Christianity, as a historical fact, has never disagreed with paganism on the shockingly cruel nature of life. Nor had it ever tried to paint a different picture until Protestantism, because actual, historical, Christianity values life experience over something like a book. It is not an abstraction. What Christianity is, instead, is an acceptance that the world is going to break you. Over. And over. And over. And over. There is no "winning". You can't beat the house, and even if you do you'll be sitting in a puddle of your own piss and awfully creamy underwear and really, at that point, did you really beat the slot machine? Did you really?
Down.
Down.
Down.
That. Is. Life. Period. Not liking it doesn't make it not so!
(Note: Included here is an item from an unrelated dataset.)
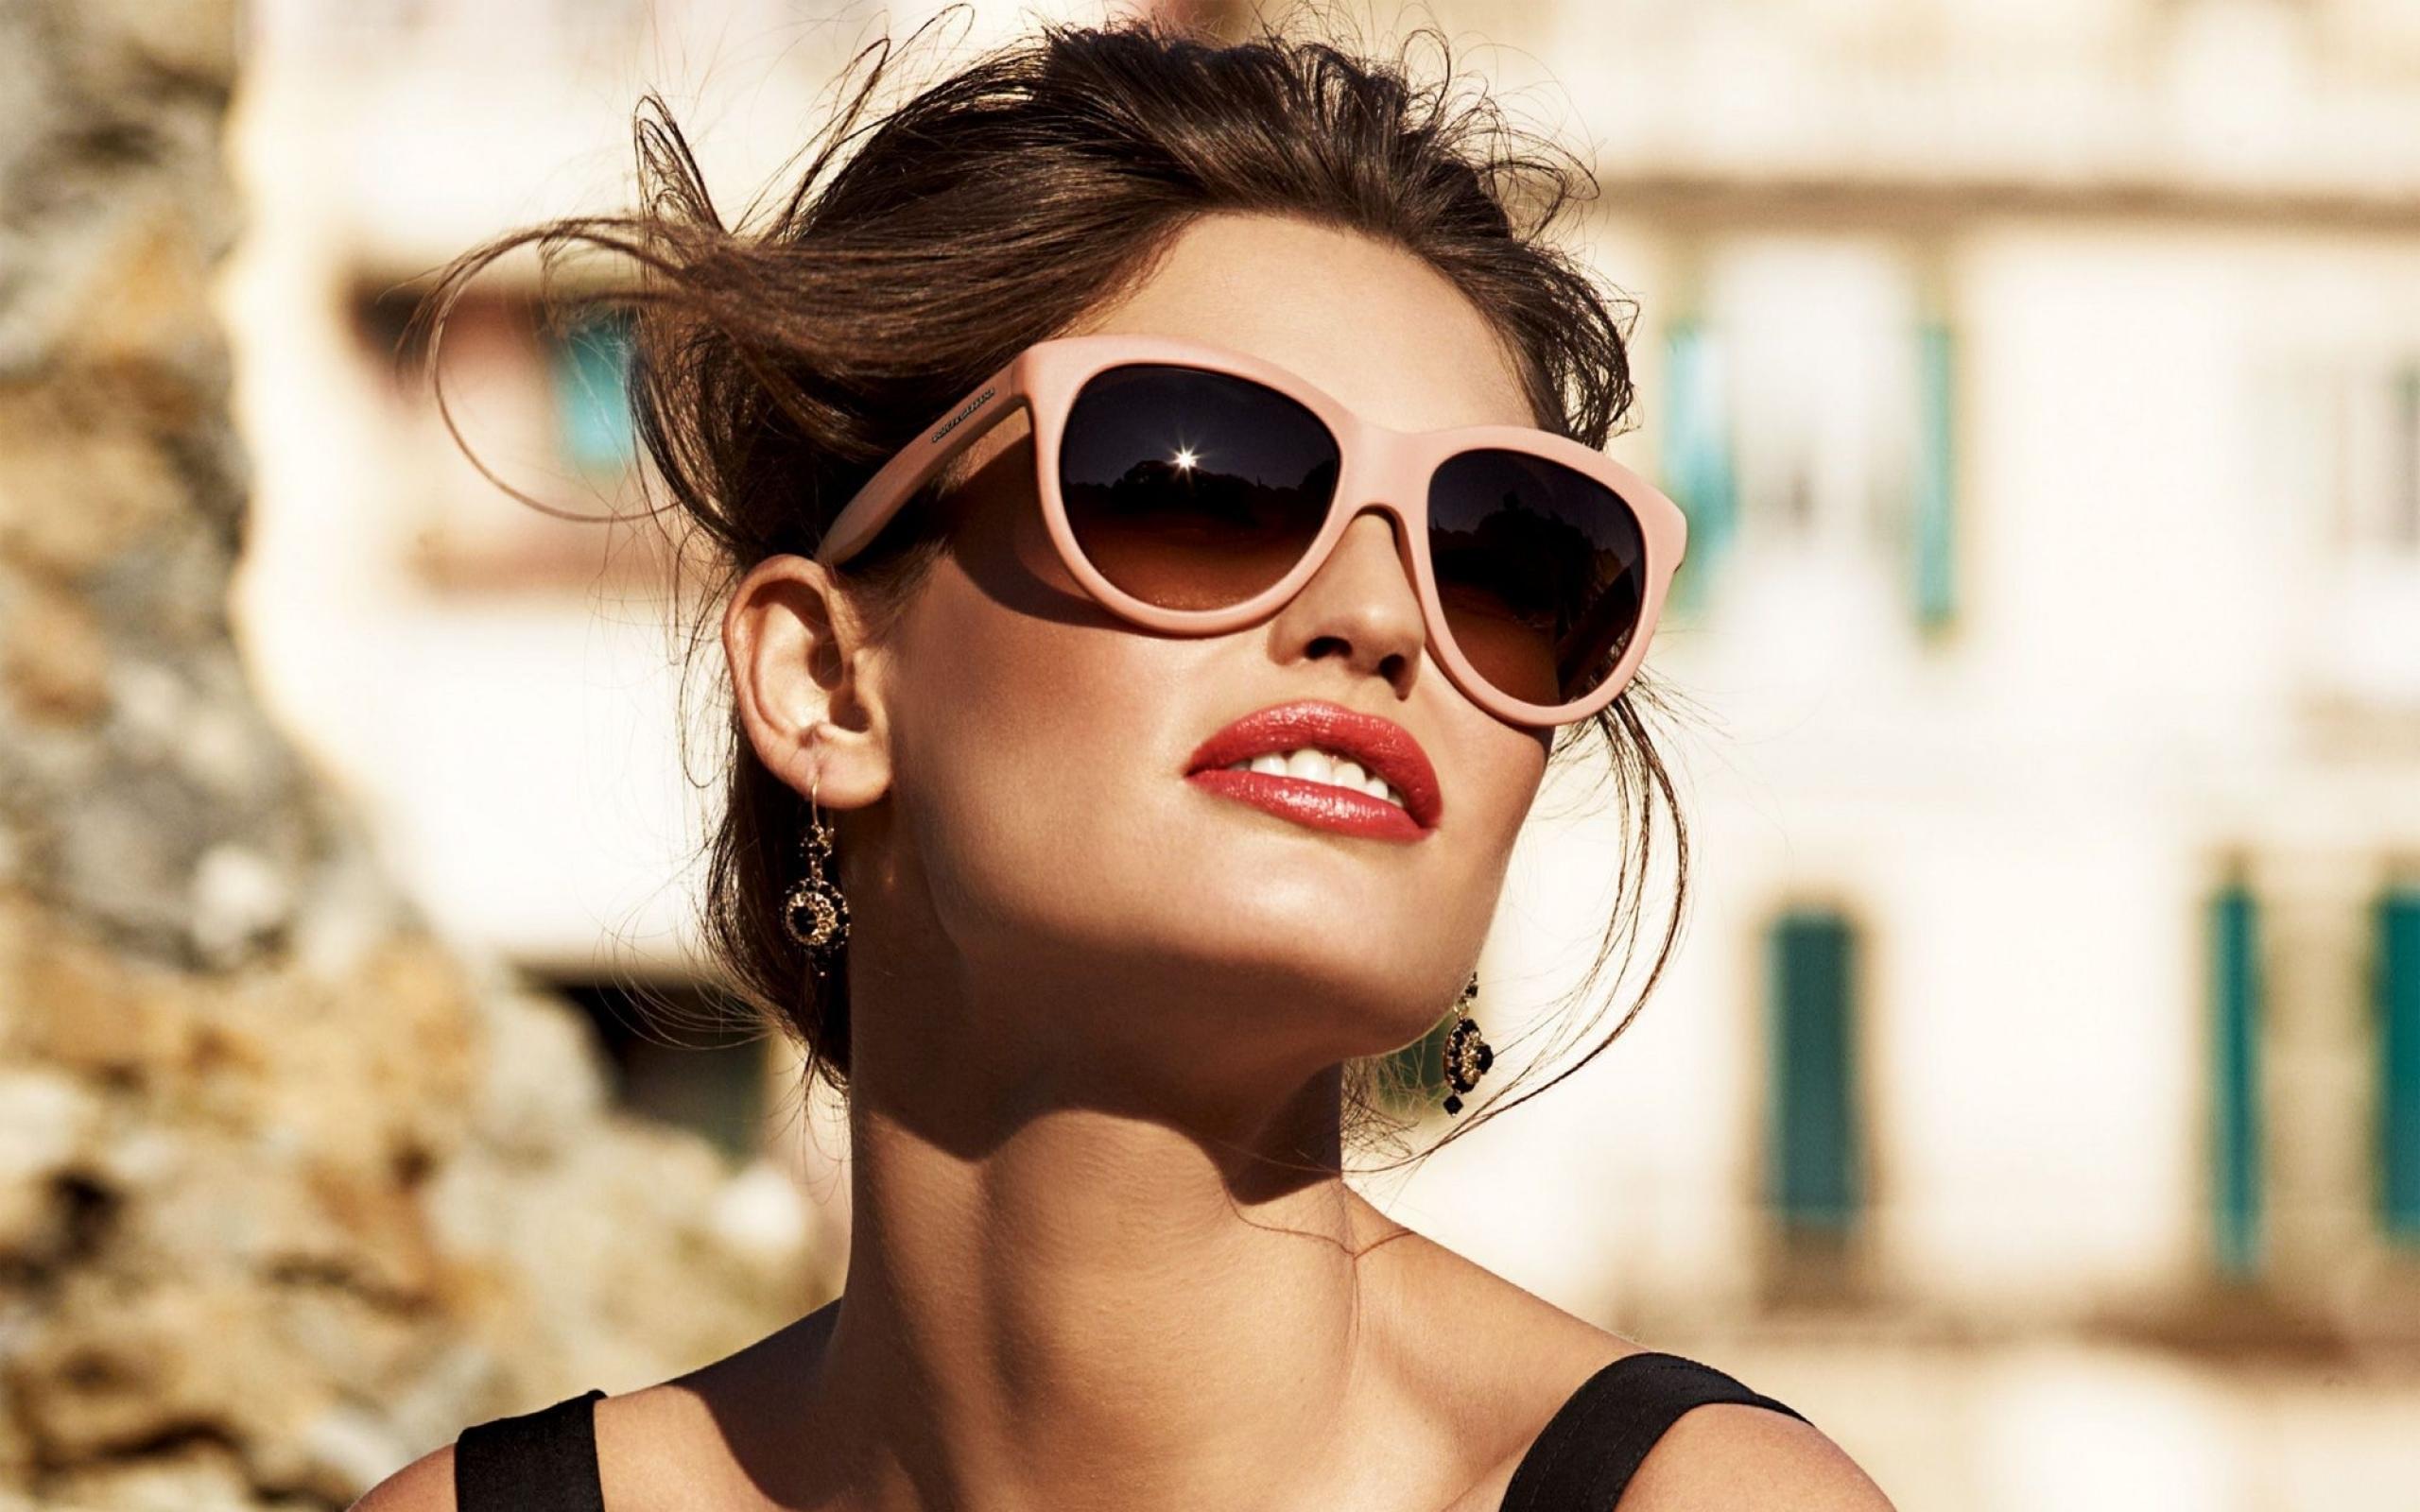 12.Napszemüveg<br />Ha utazol valamerre például vonattal és egy olyan ablak mellé kell ülnöd, ahol teljesen az arcodba süt a nap, akkor jó ha kéznél van kedvenc szemüveged.
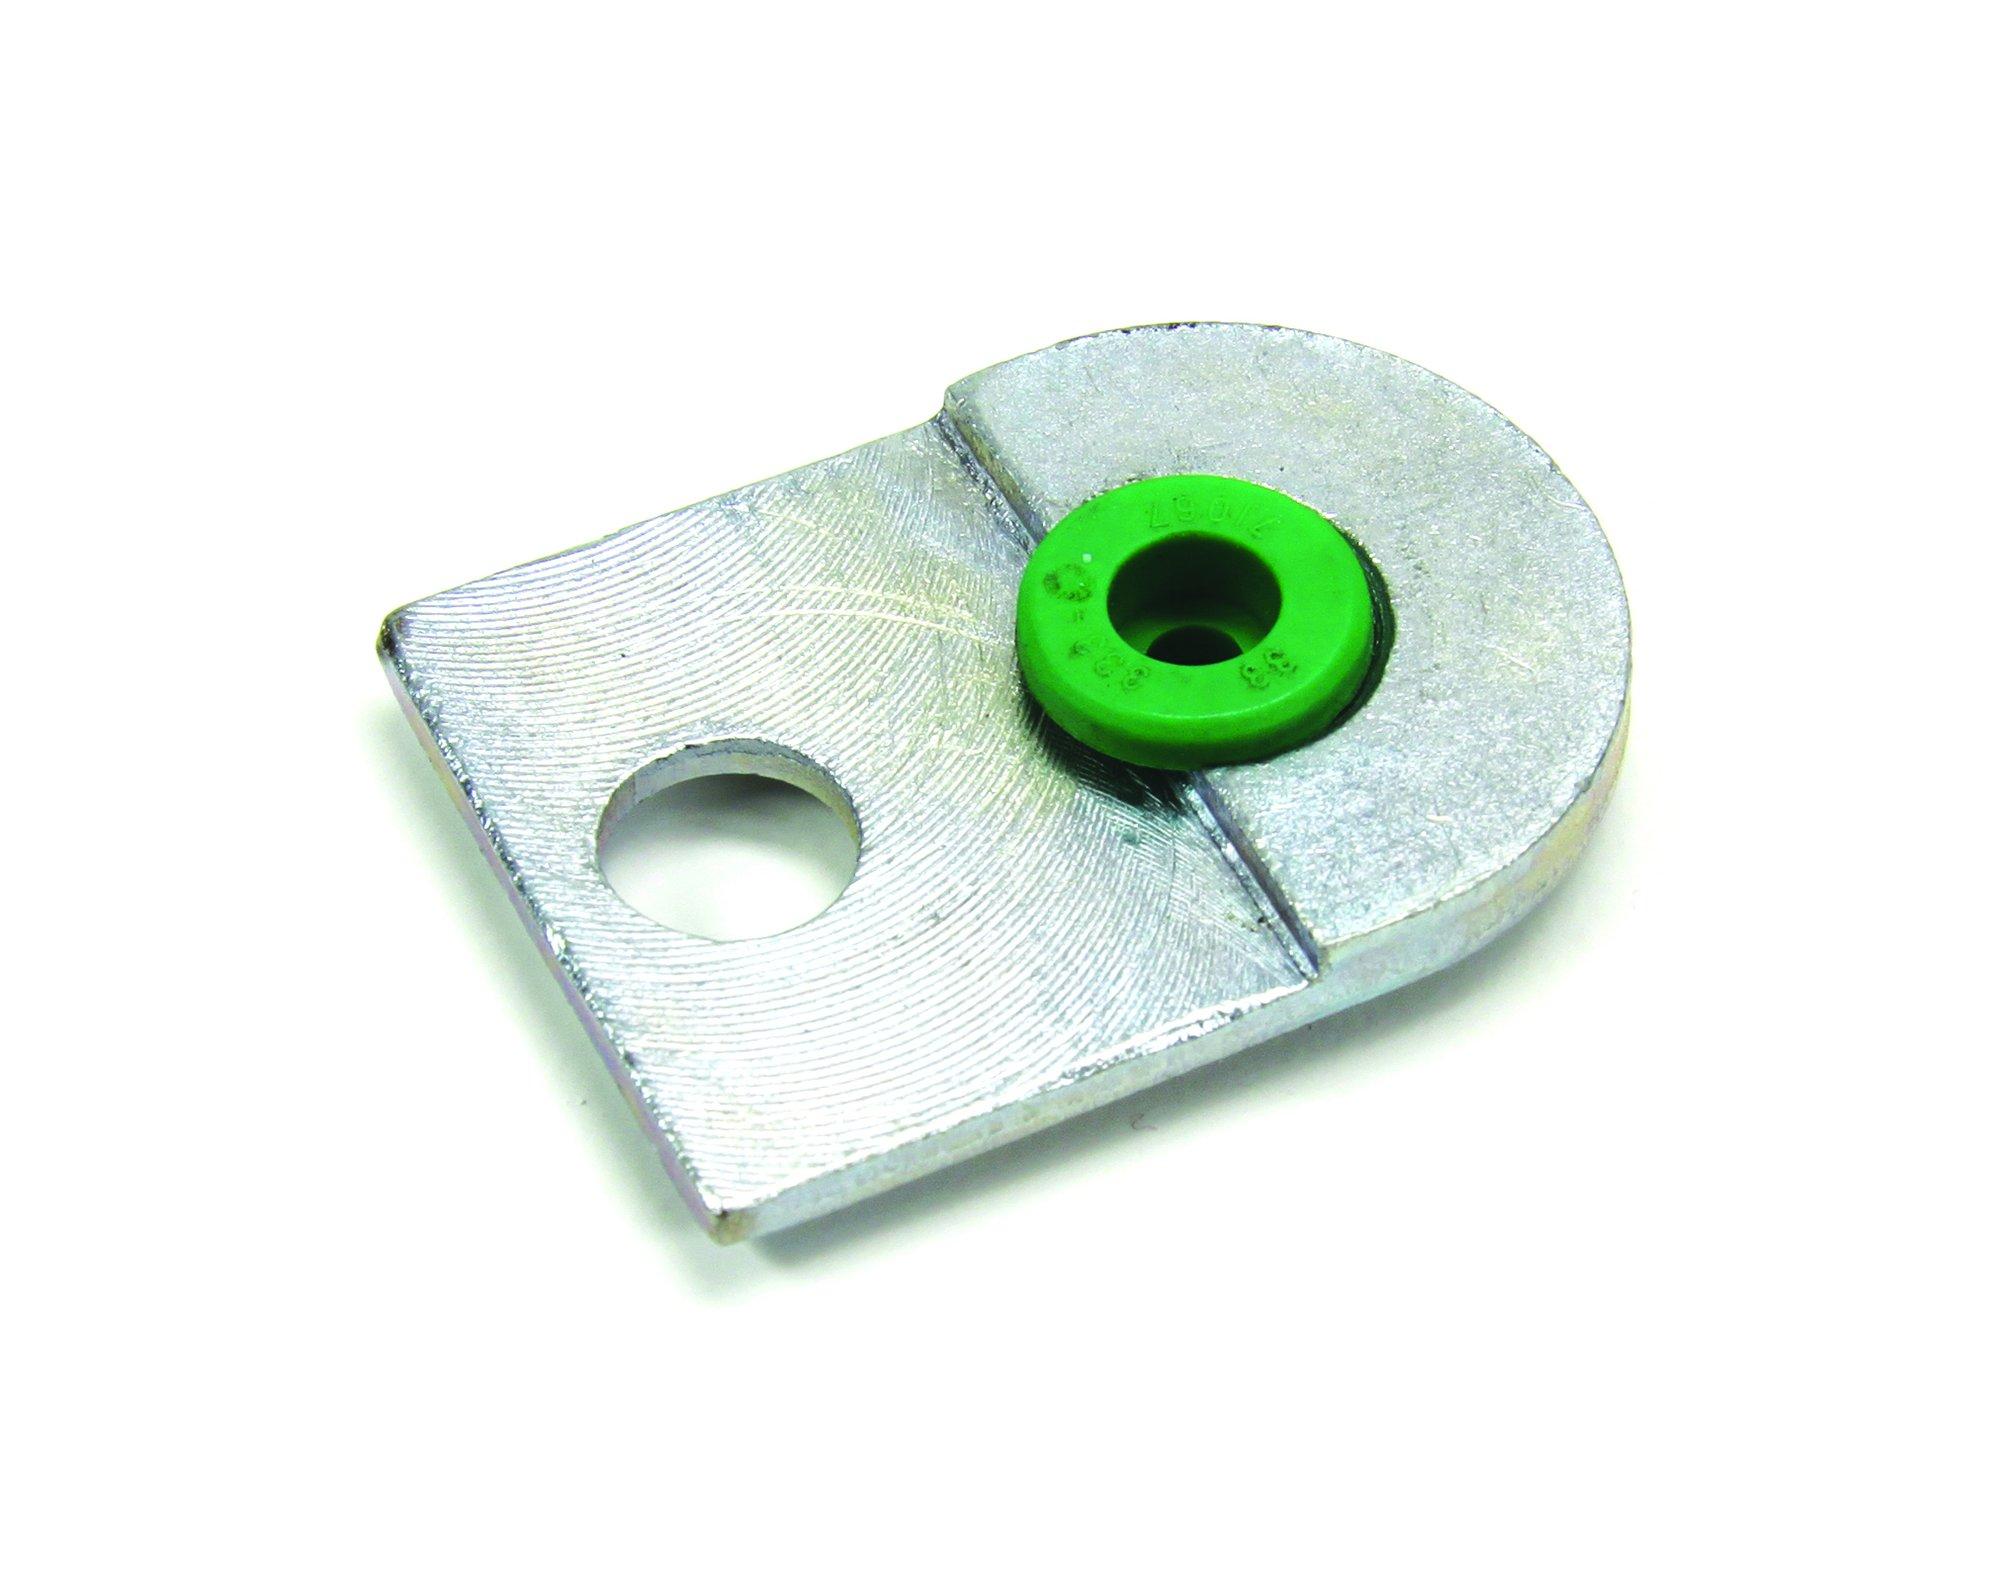 Teraflex 1900003 TJ 03+ Shift Linkage Plate Kit

Sorry!
But what Christianity, real Christianity, preaches loudly and without reservation, is that God became man so He could be there to catch you at the bottom. It goes from a bone-crunching fall to landing into the arms of your father after he threw you into the air. It turns all the anxiety of falling through the air and realizing you're going to get really hurt into something thrilling, because He's waiting for you, arms outstretched and ready, smile on His face.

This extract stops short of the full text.